Attorney Josh Tepfer handles wrongful conviction cases for the University of Chicago Law School’s Exoneration Project. He was headed to the City Club on Tuesday with Clarissa Glenn — whose conviction for a drug arrest tainted by the involvement of corrupt Chicago Police Sgt. Ronald Watts was one of many thrown out by Foxx’s office. That includes 17 cases tossed at a single 2017 hearing Tepfer said was the first “mass exoneration” in Cook County history.

Tepfer said his invitation to the luncheon came from Foxx’s office, a first. “There is still a lot of work to be done,” Tepfer said as he pulled up to Maggiano’s Little Italy for Tuesday’s luncheon.
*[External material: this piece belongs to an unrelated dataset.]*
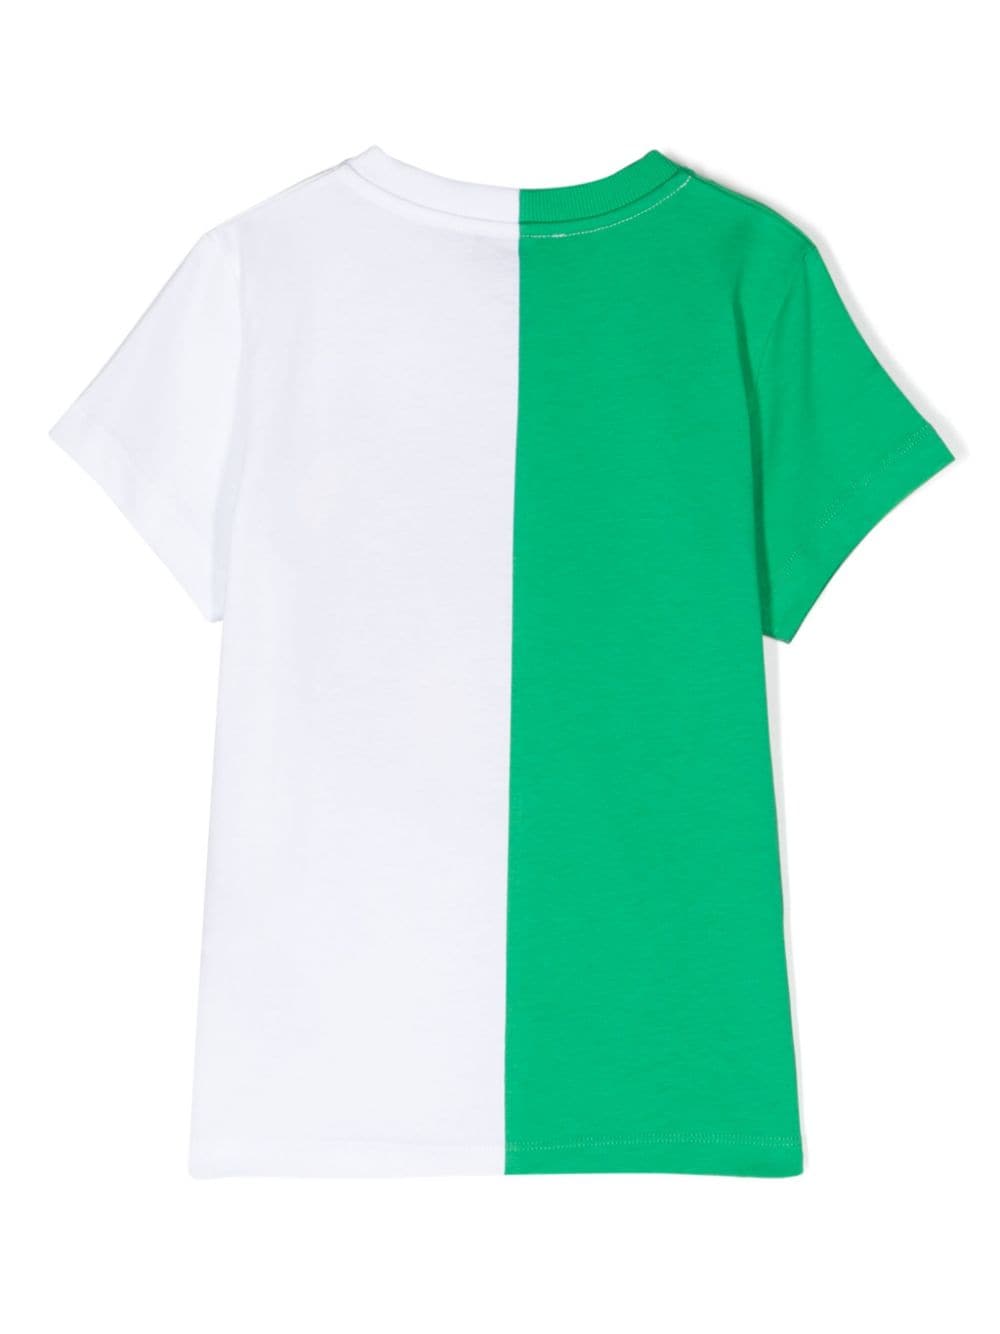 T-shirt bianca e verde per bambini con logo
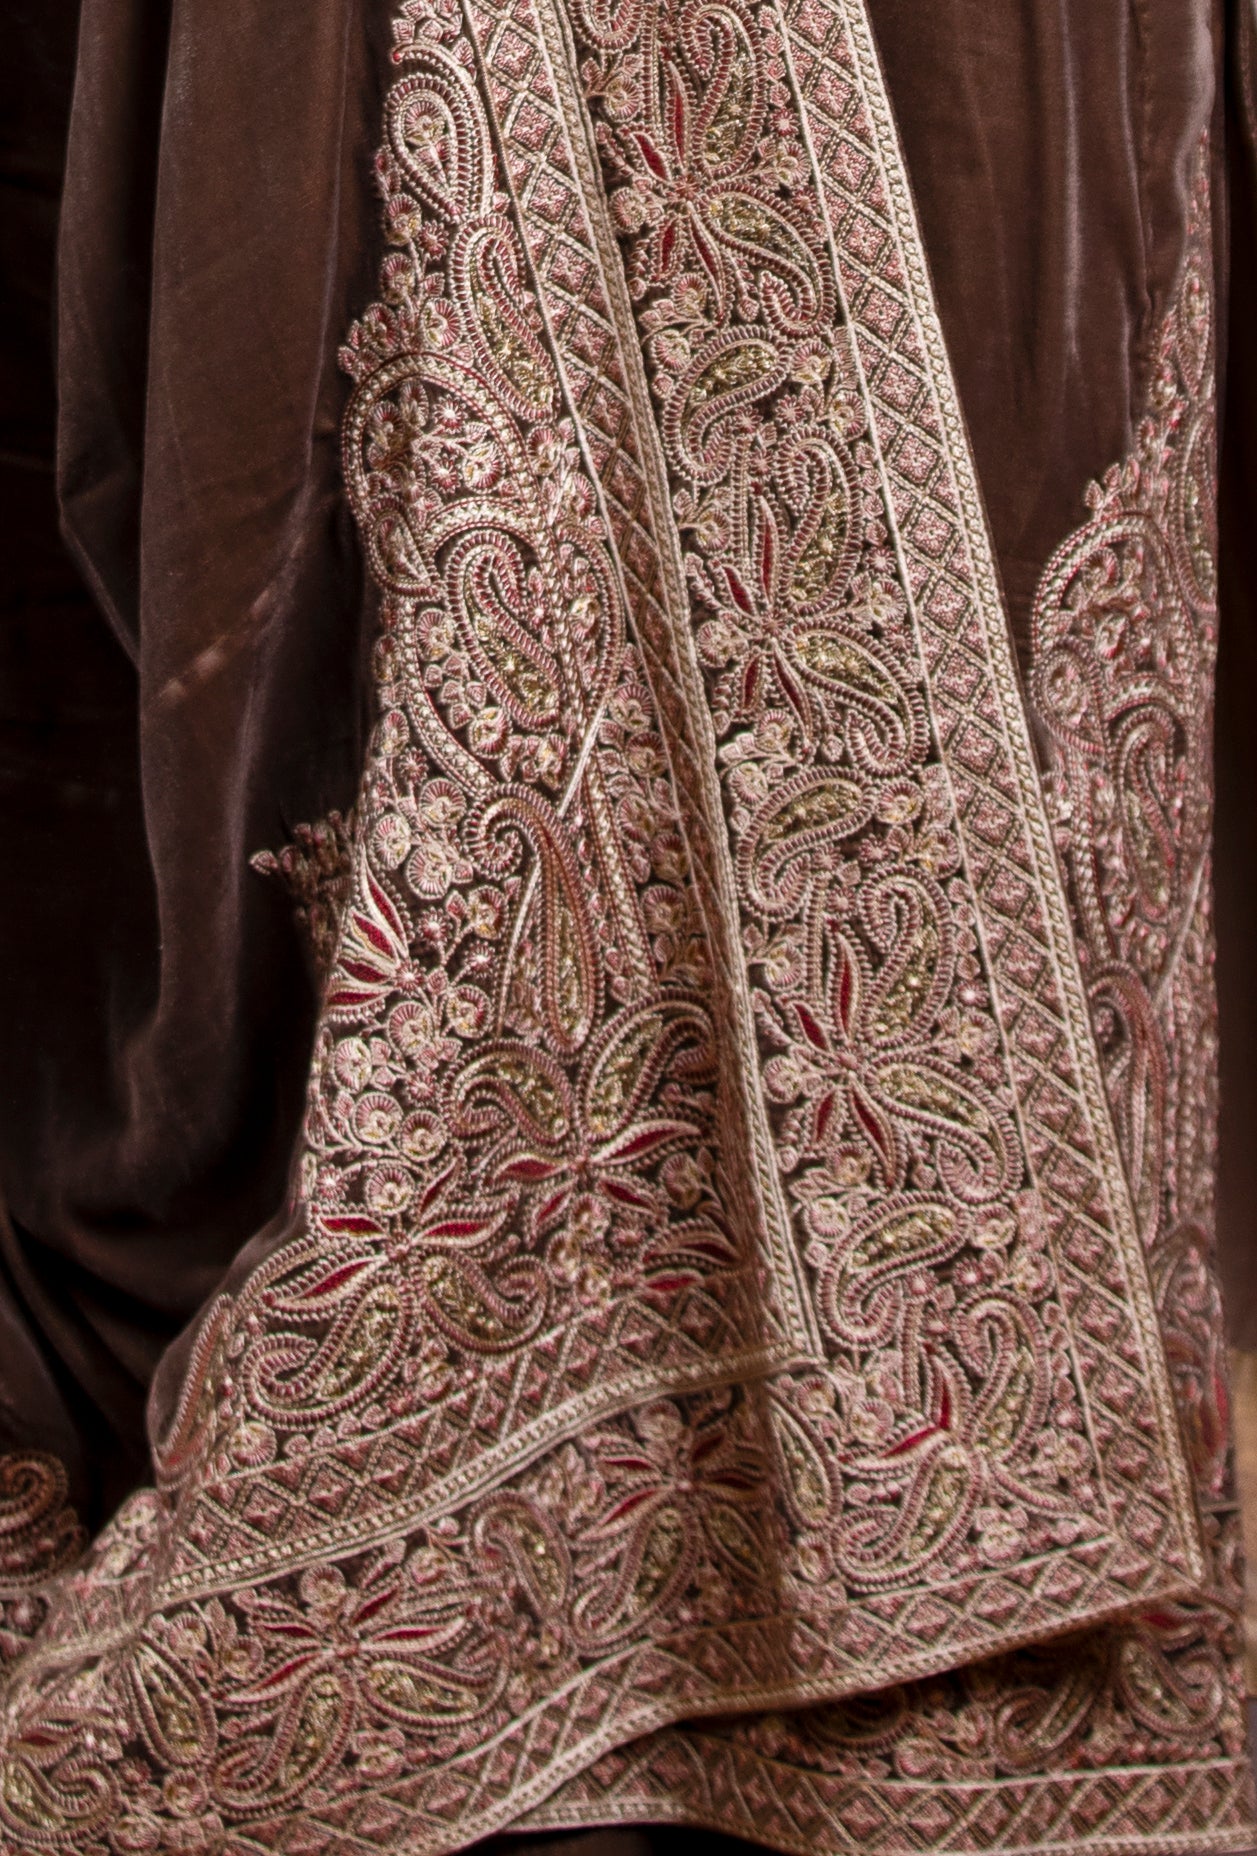 Threaded Embroidery on Velvet Shawl (Suit Optional)

Flint Taylor talks to reporters outside the Leighton Criminal Courthouse in October 2020. Behind him is Jackie Wilson, a torture survivor of late Chicago Police Department Cmdr. Jon Burge. Charges against Wilson were dropped amid his third trial in the fatal shooting of two Chicago police officers, after the discovery that an assistant in the Cook County state’s attorney’s office concealed a witness. (Pat Nabong/Sun-Times)

Attorney and activist Flint Taylor has battled the state’s attorney’s office over wrongful convictions and civil rights cases dating to his days as a lawyer for the Black Panthers and other counterculture groups in the 1960s. He said Tuesday that Foxx’s tenure included much-needed reforms to how prosecutors handled allegations of police misconduct and bond and charging decisions.

“I feel like she met a tremendous and unprecedented amount of resistance from the Fraternal Order of Police and CPD and faced a very adversarial culture within the State’s Attorney’s Office,” Taylor said Tuesday. “She had to fight that culture and all the lawyers on her staff who had defended so long the practices that led to wrongful convictions and mass incarceration. She took that on in good faith and made some good strides.”

That said, Taylor said he was not entirely surprised if Foxx tired of fighting those reform battles, especially when she was consistently bludgeoned by critics for her handling of the Smollett case.

“(Smollett) was a distraction, an excuse that a white supremacist power structure used against her, even though it didn’t amount to much in the grand scheme of the corruption around police misconduct and mass incarceration. But that was a sword her enemies used.”